Mike dismissed this as personal, nostalgic nonsense. To him the jersey was a fresh design, something ultimately more wearable and useable in everyday life. It was more appropriate for most fans, who wear t-shirts under their replica jerseys now anyway. And, as I explained how the league had recently moved their logo from the left shoulder to the back of the neck, Mike saw the sleeved kits as a natural expansion of space for sponsorship.

It's important to know that sleeved jerseys have been a part of basketball's history since at least 1901, when Spaulding's catalogue promoted several kinds of bottoms and both quarter sleeve and sleeveless jersey options. But by the 1920s sleeveless uniforms were commonplace. In football, baseball or soccer, sleeves made sense as players had to manage flexibility with the changing seasons. But in basketball, going sleeveless was more natural for players playing an indoor sport where their attire didn't have to strike a balance with the elements. In short, a move adding sleeves would be against tradition, counterintuitive to performance, but not entirely out of place.

There's no sense in denying that sleeved basketball jerseys are good for the NBA. Despite pushback from fans around the country, Mike was correct in saying sleeved jerseys offer a fashion opportunity for a wider range of customers and increased real estate for future sponsored logos. Groans about commercialization aside, as Adam Silver looks at the NFL he knows the association has far from saturated its potential market space. As the bottom line edges higher and higher and the players union stuffs their pockets with increased basketball related income from jerseys, there will eventually be less and less resistance from players. In the business of sport, business often comes first.

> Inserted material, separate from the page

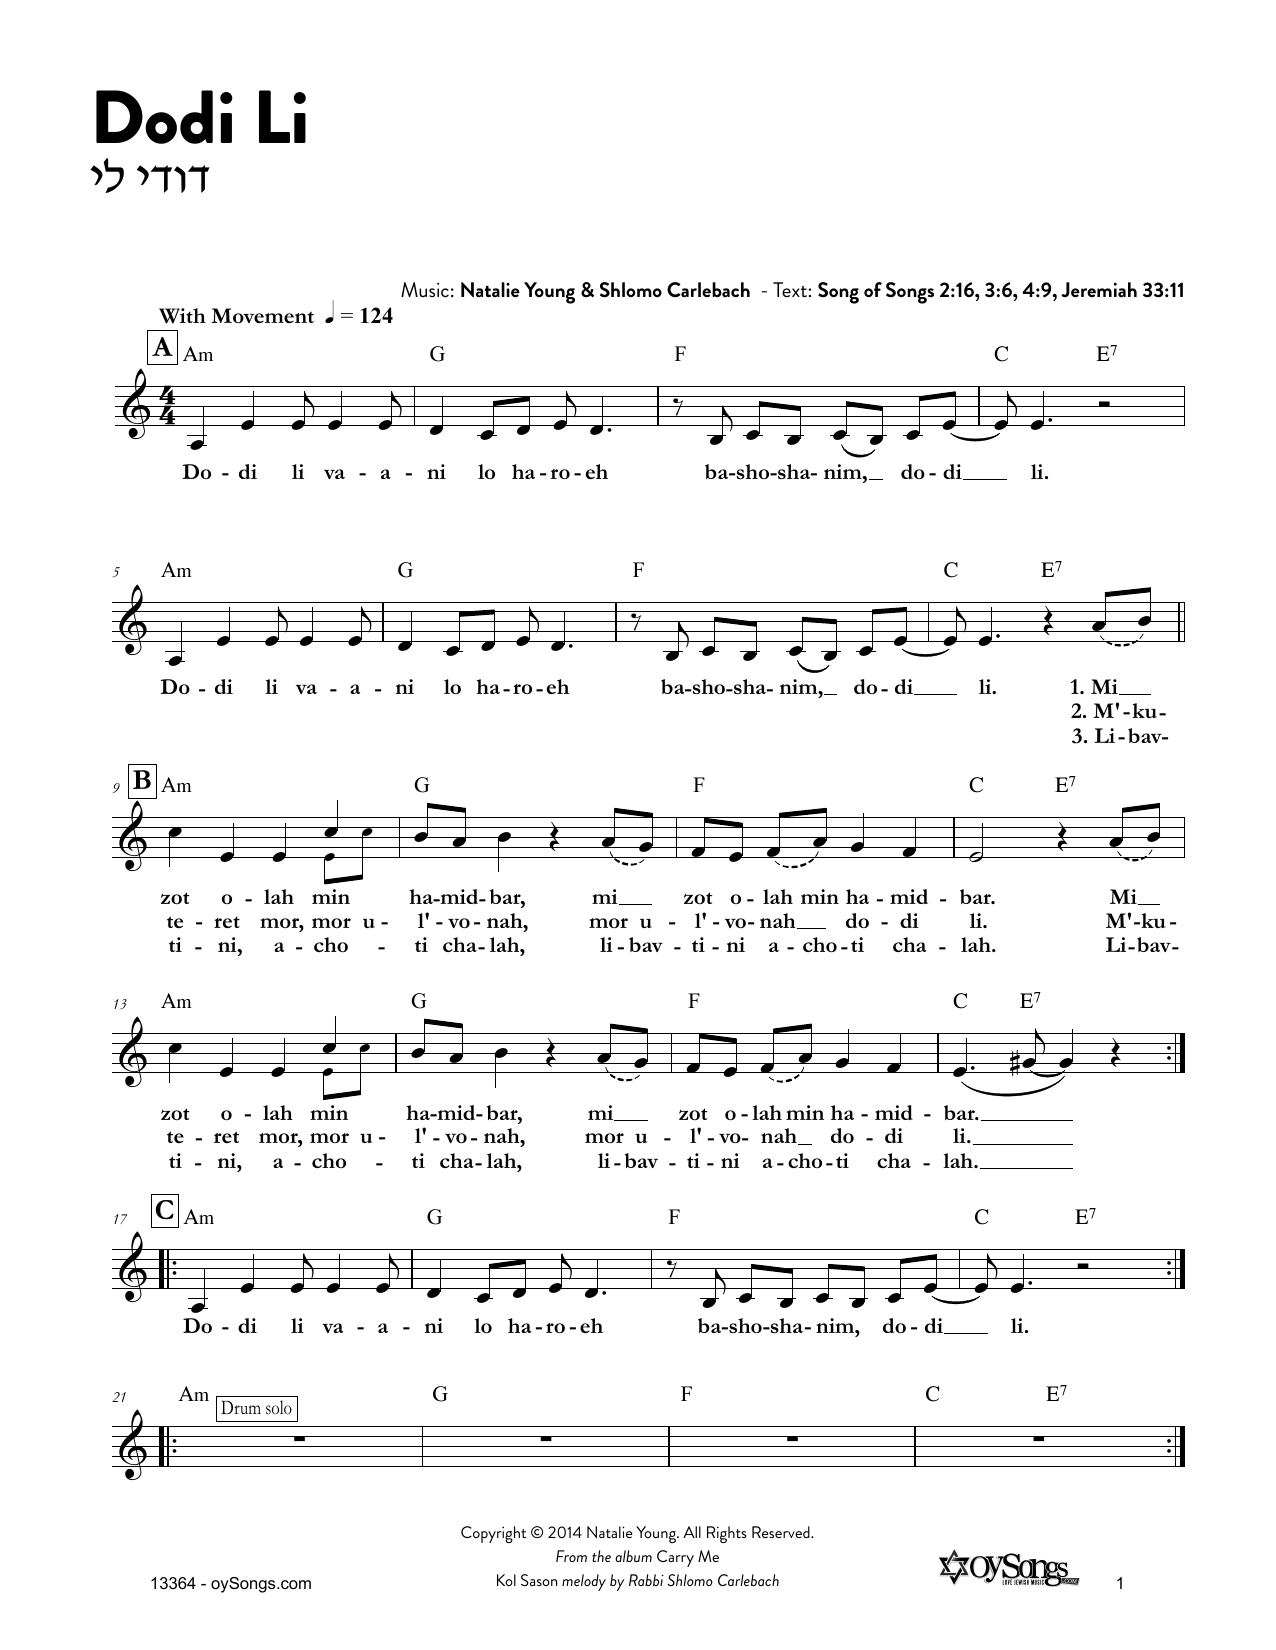 Natalie Young Dodi Li Sheet Music Notes & Chords for Melody Line, Lyrics & Chords - Download or Print PDF

The NFL will expand to 18 games. The MLB won't shorten their season. The NBA will continue to add sleeves and eventually, sponsorship to their jerseys. When fans are explicit with their support, whether through ticket sales or jersey sales, leagues will supply their demand. Mike showed me that there are enough fans who enjoy the aesthetic of sleeved jerseys, and that support or repulsion is a fundamentally subjective choice.

What is not subjective is the amount of money new jersey sales and sponsorship space will render to the NBA. That is a fundamentally objective fact that looms over our quibbling between colors, graphics and sleeves. Considering those factors, it appears that I'm the one that's wrong, not Mike.

Even I think they are truly, terribly ugly.